Let's look at an example. In a case like this, you might see
this output from --line-porcelain:

  SOME_SHA1 1 1 1
  author ...
  committer ...
  previous SOME_SHA1^ file_one
  filename file_one
          ...some line content...
  SOME_SHA1 2 1 1
  author ...
  committer ...
  previous SOME_SHA1^ file_two
  filename file_two
          ...some different content....

The "filename" fields tell us that the two lines are from
two different files. But notice that the filename also
appears in the "previous" field, which tells us where to
start a re-blame. The second content line never appeared in
file_one at all, so we would obviously need to re-blame from
file_two (or possibly even some other file, if had just been
renamed to file_two in SOME_SHA1).

So far so good. Now here's what --porcelain looks like:

  SOME_SHA1 1 1 1
  author ...
  committer ...
  previous SOME_SHA1^ file_one
  filename file_one
          ...some line content...
  SOME_SHA1 2 1 1
  filename file_two
          ...some different content....

We've dropped the author and committer fields from the
second line, as they would just be repeats.  But we can't
omit "filename", because it depends on the actual block of
blamed lines, not just the commit. This is handled by
emit_porcelain_details(), which will show the filename
either if it is the first mention of the commit _or_ if the
commit has multiple paths in it.

But we don't give "previous" the same handling. It's written
inside emit_one_suspect_detail(), which bails early if we've
already seen that commit. And so the output above is wrong;
a reader would assume that the correct place to re-blame
line two is from file_one, but that's obviously nonsense.

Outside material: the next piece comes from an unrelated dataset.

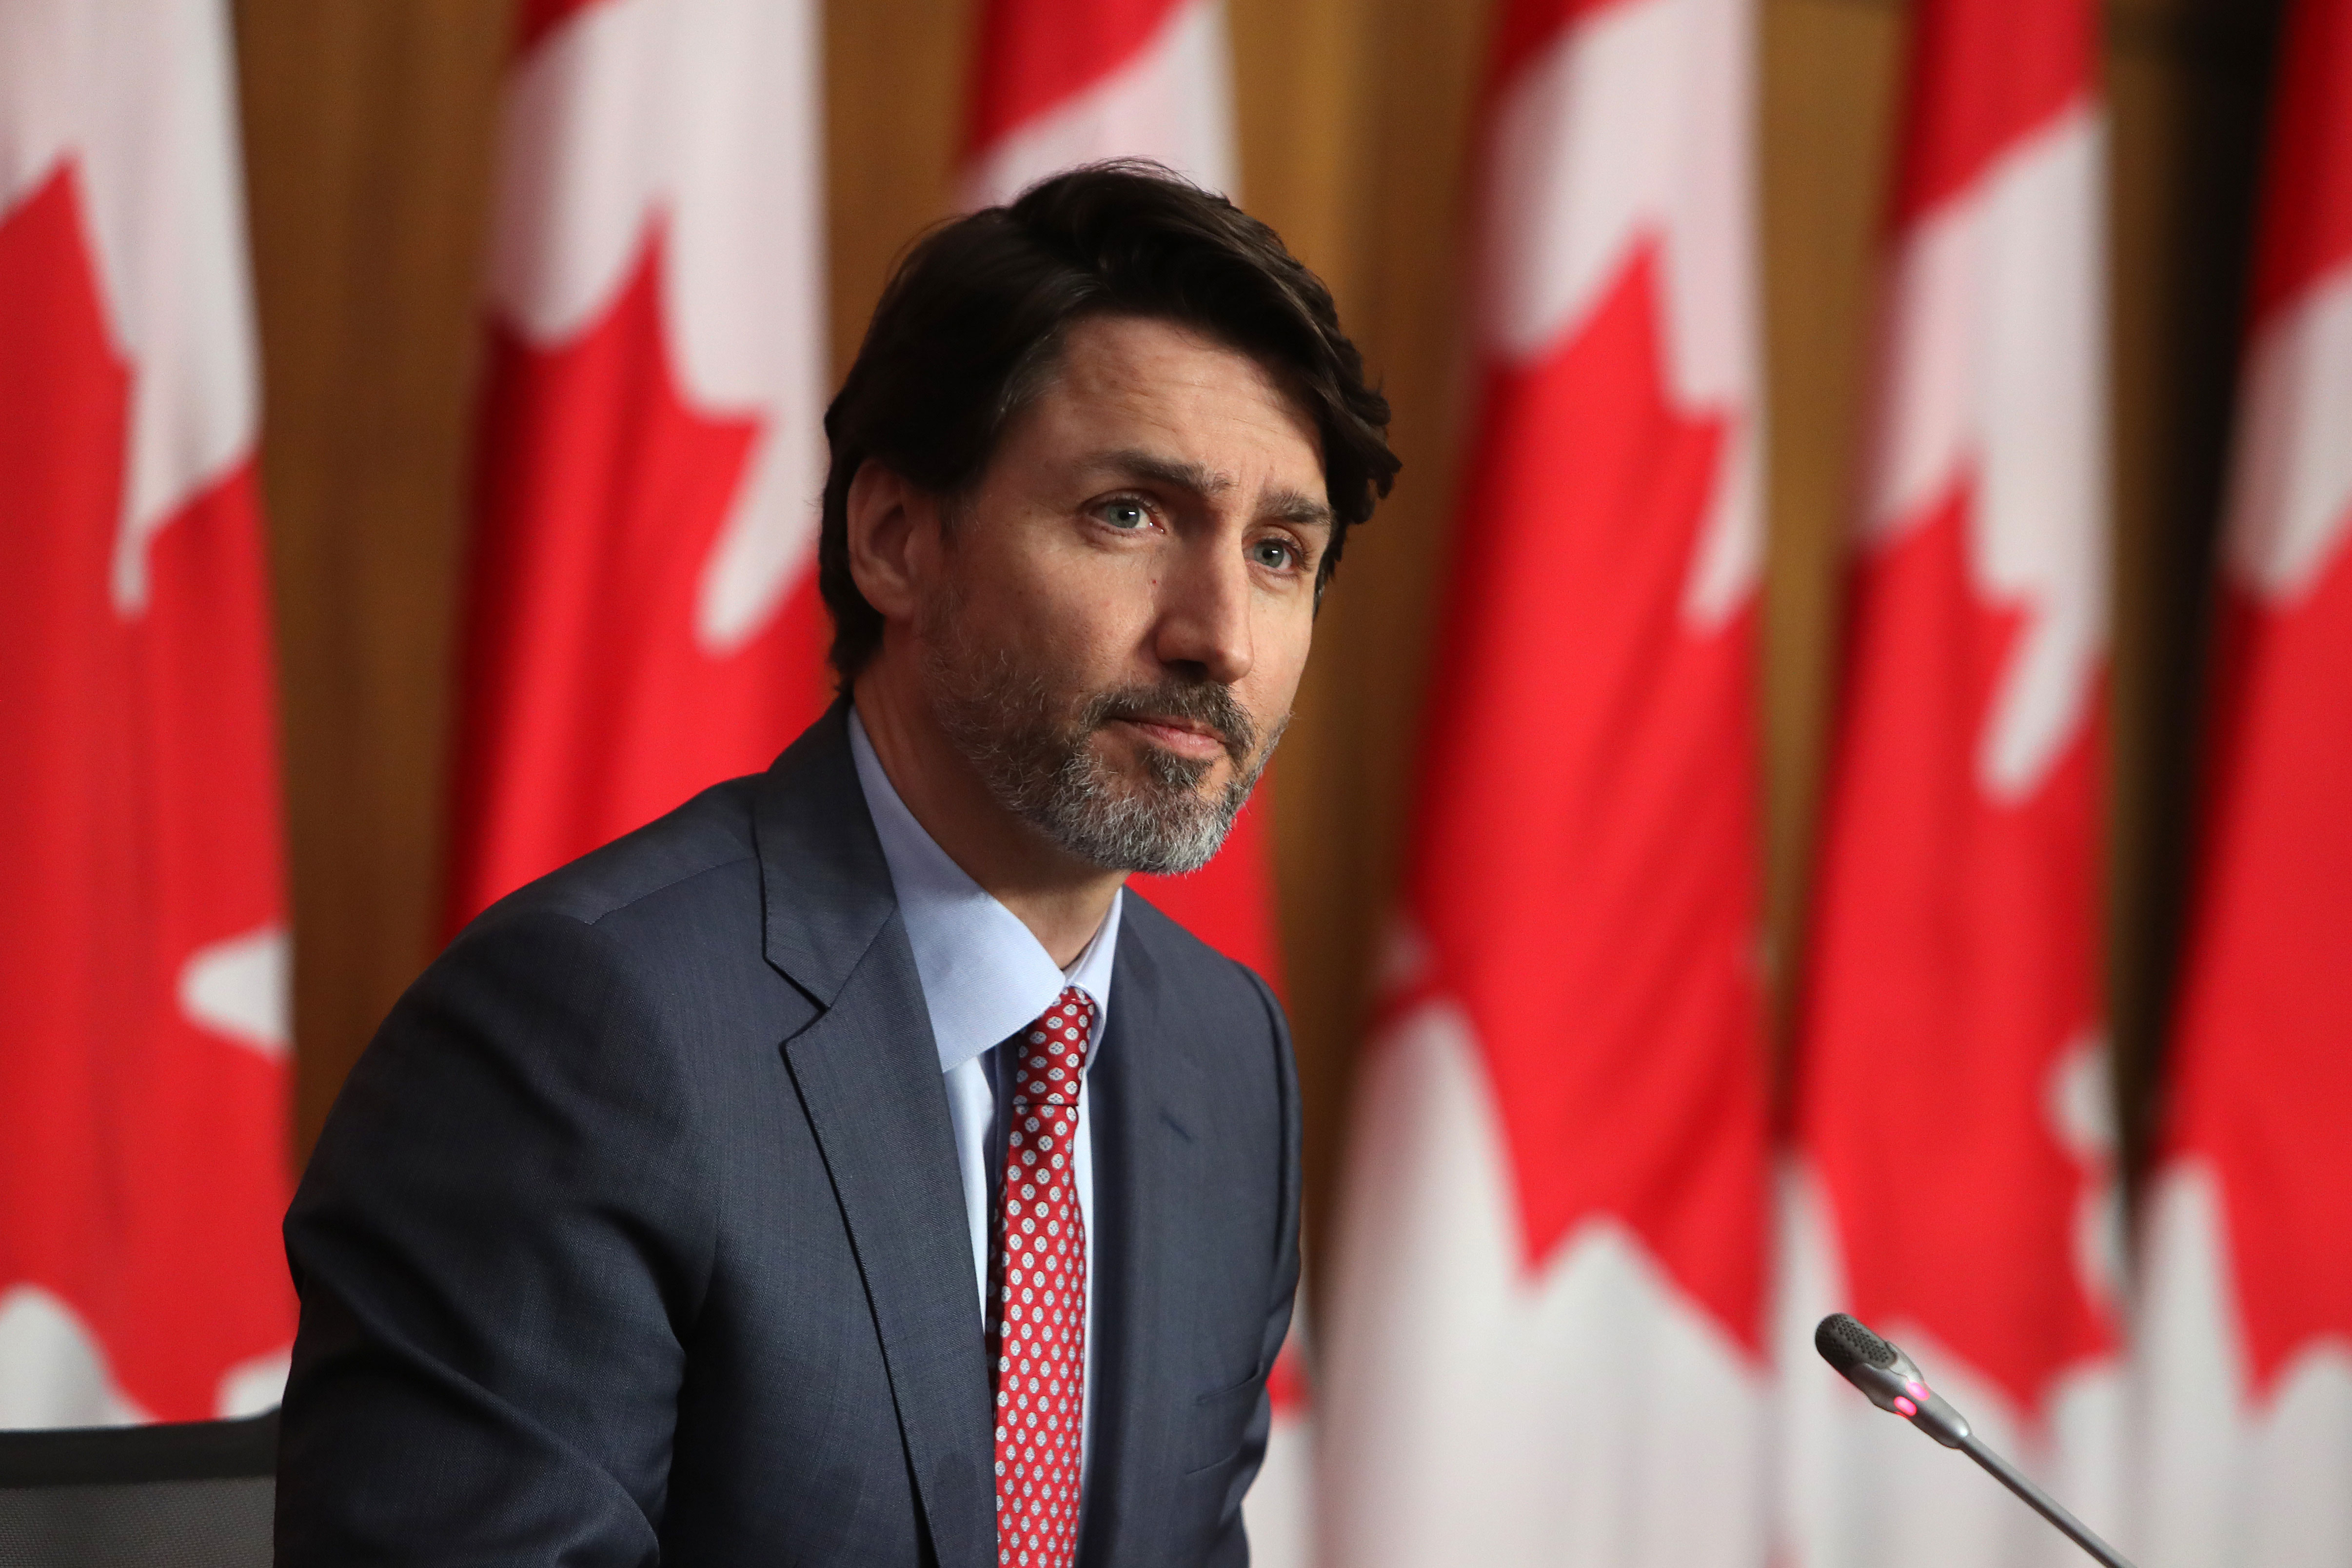 Canadian Prime Minister Justin Trudeau listens during a news conference in Ottawa on March 19, 2021.
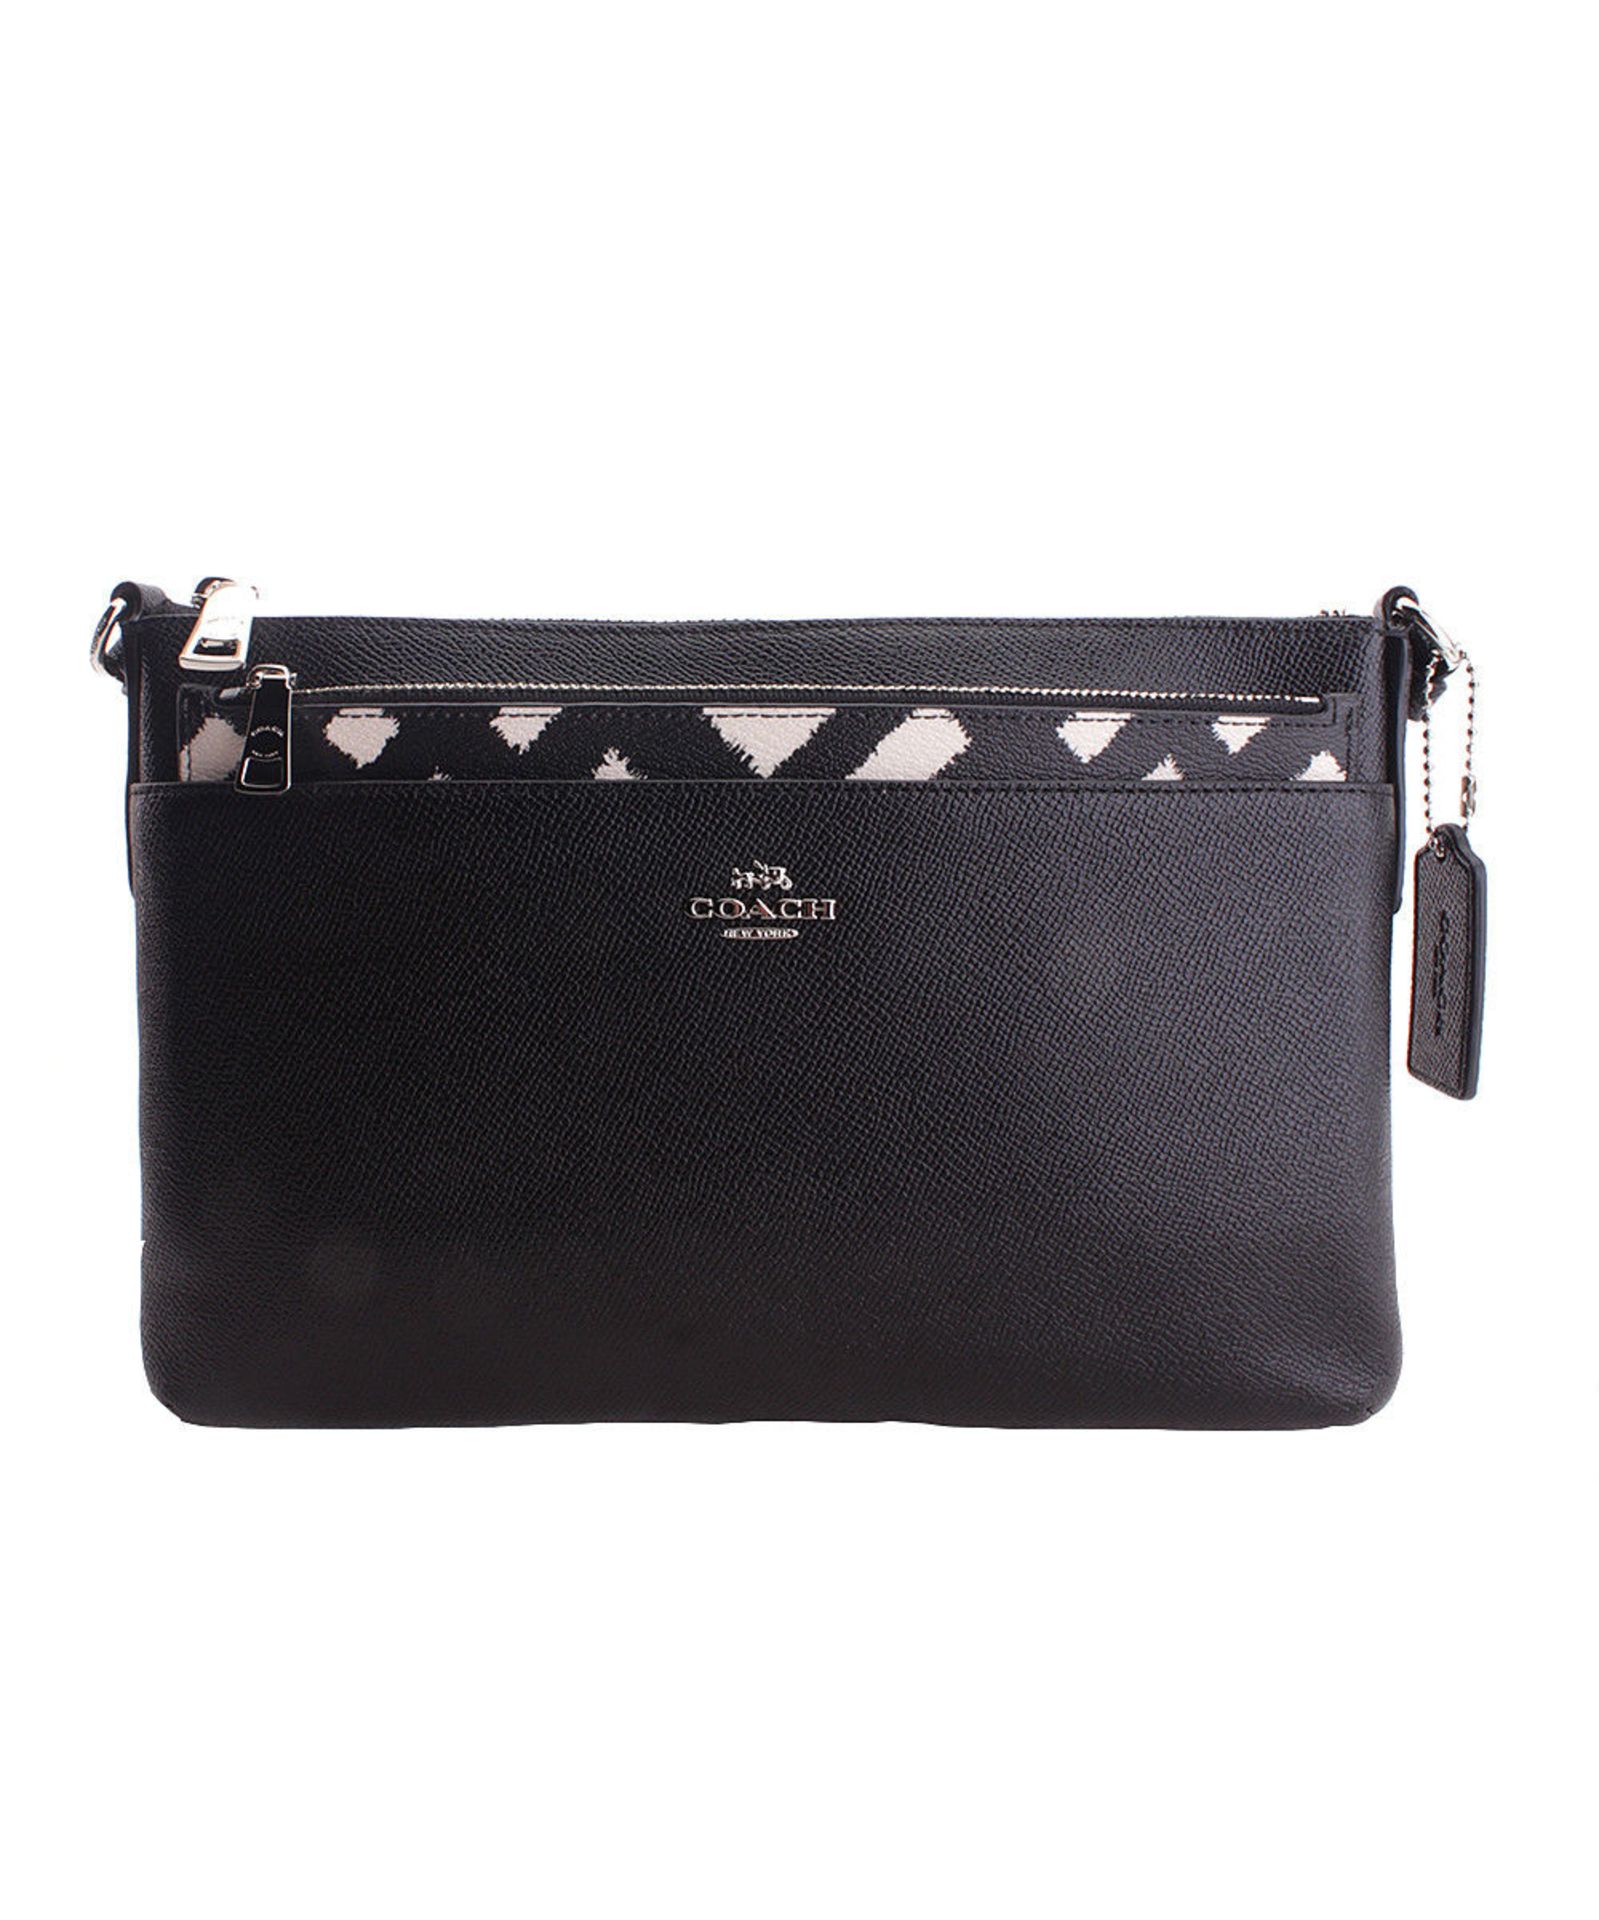 Coach, Black & White Geometric-Accent Crossbody Bag (New With Tags) [Ref: 54217581 Tf Tub 1-Tf]

Let's treat "previous" the same as "filename", and show it
fresh whenever we know we are in a confusing case like this.

Signed-off-by: Jeff King <peff@peff.net>
---
I'm assuming that the parent sha1 for a "previous" field will always be
the same for a given commit. So we really only need to care about
reprinting when we know there are multiple paths, as this patch does
(i.e., treat it exactly the same as "filename"). If I'm wrong, then
there's probably another corner case that this doesn't handle. I
couldn't think of a way to trigger such a setup, though.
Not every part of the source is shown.